Pourquoi le monde perd ses couleurs… et devient gris ?

hero color then and now

Des logos réduits à leur plus simple expression, des interfaces noir et blanc, des smartphones déclinés en « gris sidéral », des immeubles tout de béton, de verre et d’acier…

Pas de doute : le monde semble avoir perdu un peu de ses couleurs. Ce constat est loin d’être une impression. De nombreuses études, industries et observateurs notent une véritable tendance vers le monochrome et les palettes neutres.

Ce n’est pas un simple effet de style ou un choix esthétique isolé. C’est une dynamique transversale qui touche la mode, l’automobile, l’architecture, la tech, la publicité, le design d’interface. Une forme de désaturation volontaire qui semble dire quelque chose de plus profond sur notre rapport au temps, à l’efficacité, à la modernité.

Mais pourquoi ce retour au noir, blanc et gris ? Que dit-il de notre époque ? Et quelles conséquences pour les designers et les communicants ?

La généralisation du neutre dans tous les secteurs

La perte de couleur n’est pas qu’un ressenti visuel ou une lubie de designer. Elle est mesurable, documentée, et surtout, elle touche pratiquement tous les pans de notre environnement visuel. Depuis plus d’un siècle, notre monde se désature progressivement, que ce soit dans nos objets du quotidien, notre façon de nous habiller, les produits que nous achetons ou les lieux que nous fréquentons.

En 2020, le Science Museum Group (UK) a mené une analyse sur plus de 7 000 objets de consommation datant de 1800 à aujourd’hui. Leurs conclusions sont sans appel : à partir de 1900, les teintes vives cèdent progressivement la place à des tons grisâtres, ternes et neutres. Cette mutation chromatique traverse les décennies et se retrouve dans différents secteurs industriels :

  • Automobile : selon Axalta et PPG Industries, plus de 75 % des voitures vendues dans le monde sont blanches, noires ou grises. Le blanc est n°1 depuis plusieurs années.

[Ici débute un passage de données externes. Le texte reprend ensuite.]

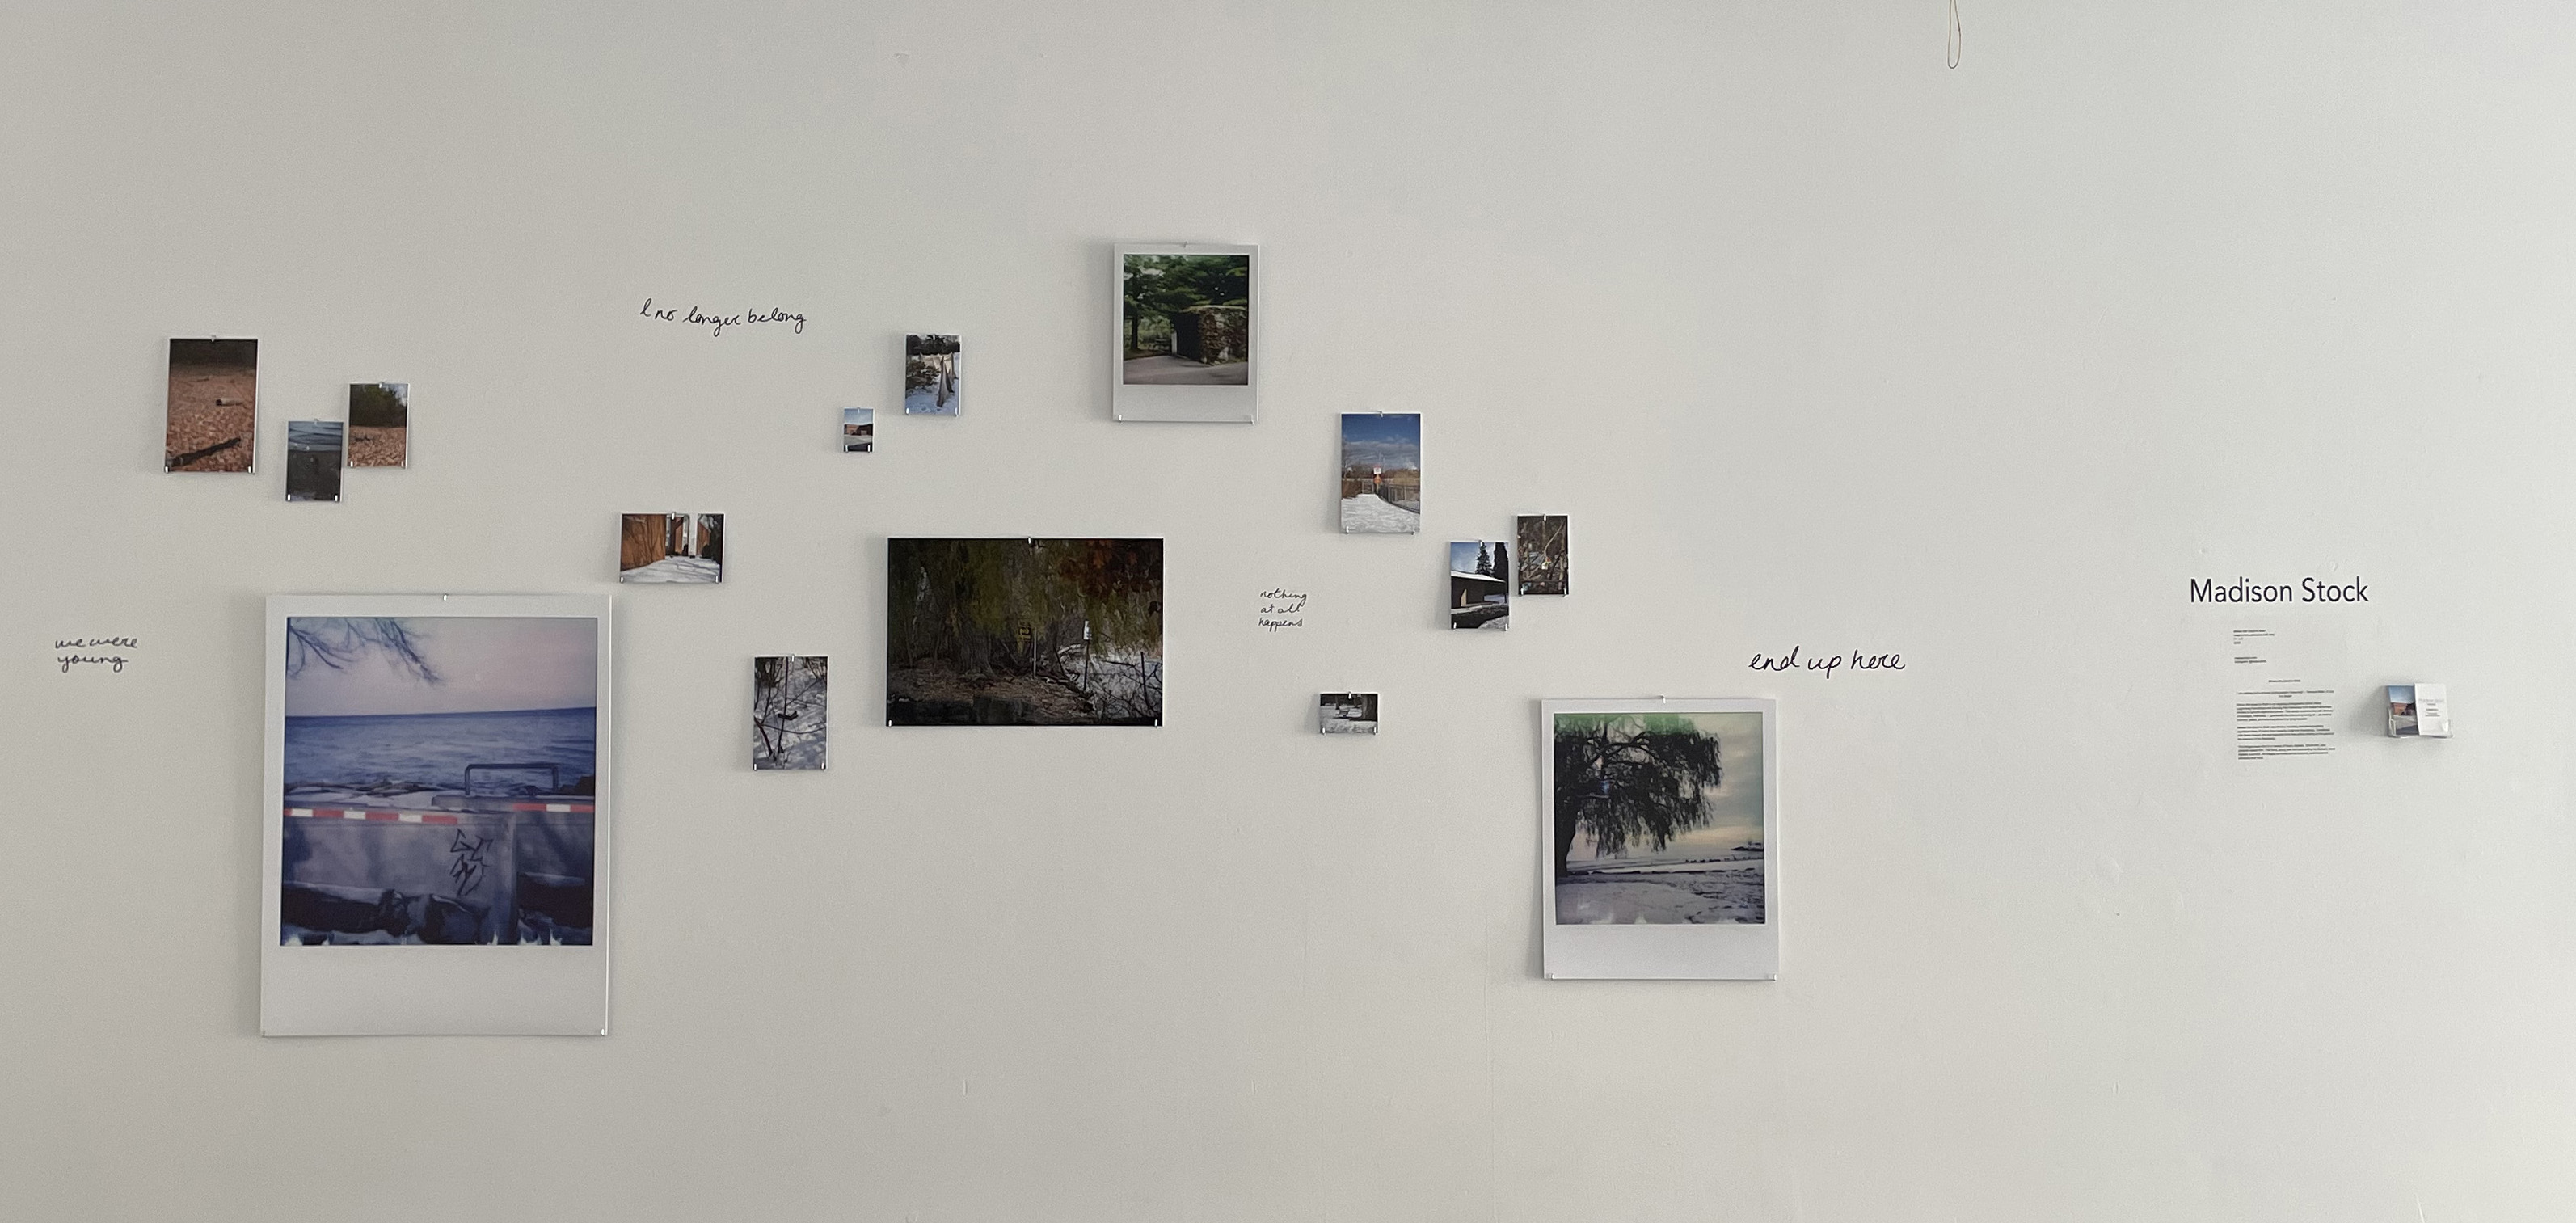 Where We Used to Walk - Installation

  • Tech : les iPhones, iPads ou MacBooks d’Apple s’habillent rarement de couleurs vives. L’esthétique « space gray » ou « silver » est devenue une norme.
  • Mode : les pièces incontournables du dressing (costumes, robes, baskets, manteaux) sont souvent en noir ou blanc. Un choix perçu comme élégant, intemporel et sûr.
  • Architecture : le minimalisme moderne a fait place à une architecture dominée par le gris du béton, le blanc des façades et le noir des menuiseries. Fini les briques rouges, les volets verts ou les enseignes multicolores.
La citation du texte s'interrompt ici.